13.2 On termination, the Customer must immediately make the equipment available for collection. If the Customer does not, PLS is entitled to enter any premises of the Customer where the equipment is suspected to be to repossess the equipment. PLS will not be liable for any damage caused and the Customer must indemnify PLS from any liability to it or any third party in respect of any damage, demands, proceedings, costs and expenses howsoever arising.
14.1 The Customer shall be solely responsible for and shall hold PLS fully indemnified against any loss or damage arising from or in connection with the provision of the equipment or services, including without limitation any action for infringement of copyright brought by any third party against PLS or the Customer.
15.1 Except as specifically set out herein, or contained in any warranty statement provided with the equipment or services, any term, condition or warranty in respect of the quality, merchantability, fitness for purpose, condition, description, assembly, manufacture, design or performance of the equipment, services or Intellectual Property, whether implied by statute, common law, trade usage, custom or otherwise, is hereby expressly excluded.
15.2 Replacement of the equipment or resupply of the services is the absolute limit of PLS liability howsoever arising under or in connection with the hire, use of, storage or any other dealings with the equipment or services by the Customer or any third party.
15.3 PLS is not liable for any indirect or consequential losses or expenses suffered by the Customer or any third party, howsoever caused, including but not limited to loss of turnover, profits, business or goodwill or any liability to any other party.
15.4 PLS will not be liable for any loss or damage suffered by the Customer where PLS has failed to deliver equipment or services or fails to meet any delivery date or cancels or suspends the supply of equipment or services, or suspends or cancels the Copyright Licence.

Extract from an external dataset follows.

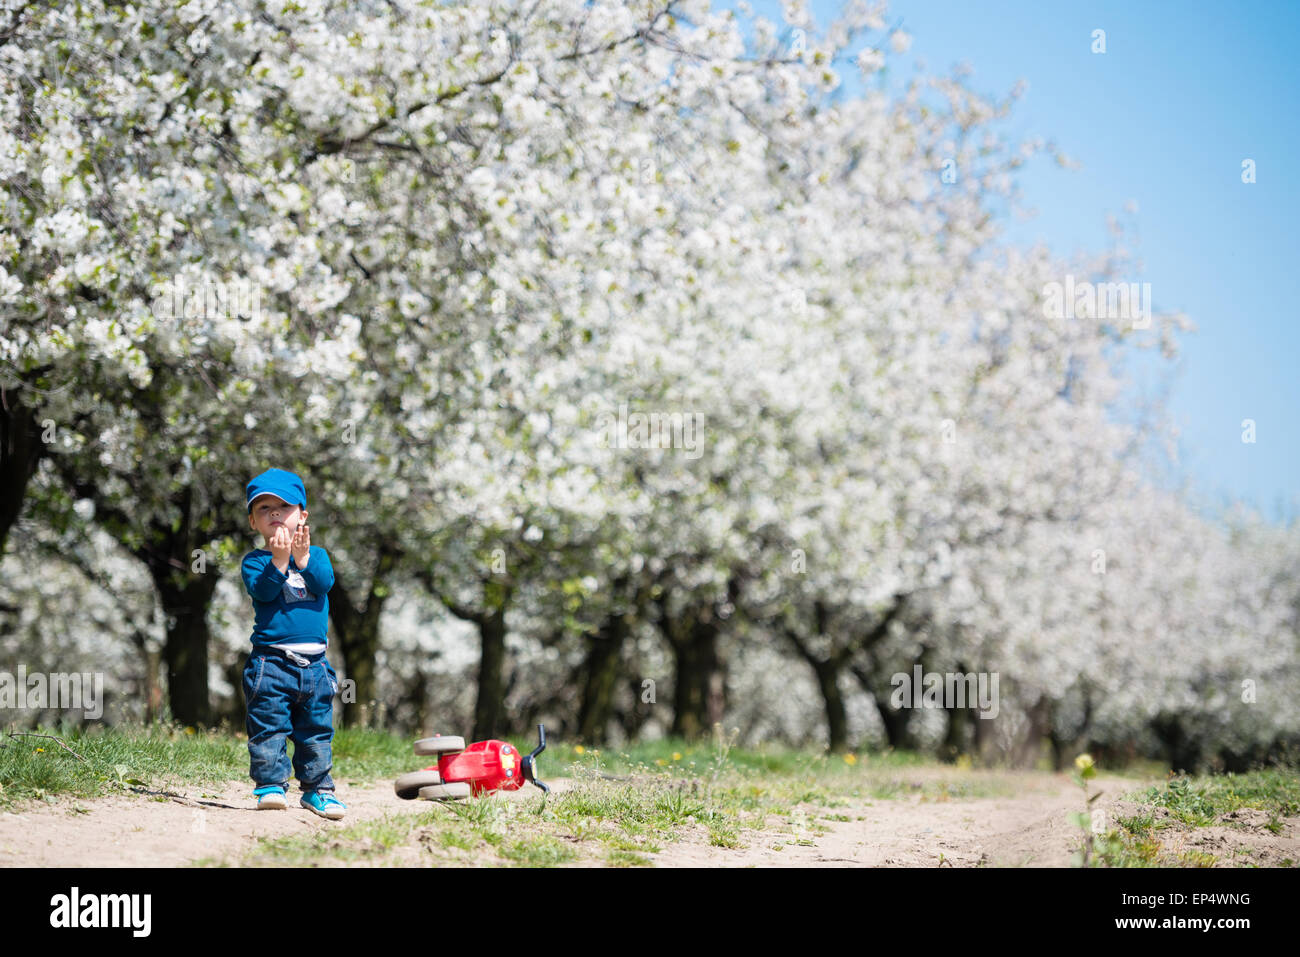 Süße kleine Kind mit schönen blühenden Kirschbäume Bäume im Hintergrund Stockfoto

15.5 Nothing in the Terms is to be interpreted as excluding, restricting or modifying or having the effect of excluding, restricting or modifying the application of any State or Federal legislation applicable to the sale of equipment or supply of services which cannot be excluded, restricted or modified.
16.1 The law of Victoria from time to time governs the Terms and the parties agree to the non-exclusive jurisdiction of the courts of Victoria, the Federal Court of Australia, and of courts entitled to hear appeals from those Courts.
16.2 Failure by PLS to enforce any of these Terms shall not be construed as a waiver of any of PLS’ rights.
16.3 If any of the Terms are unenforceable it shall be read down so as to be enforceable or, if it cannot be so read down, the term shall be severed from these Terms without affecting the enforceability of the remaining terms.
16.4 A notice must be in writing and handed personally or sent by facsimile or prepaid mail to the last known address of the addressee. Notices sent by pre-paid post are deemed to be received upon posting. Notices sent by facsimile are deemed received on the facsimile machine confirming transmission.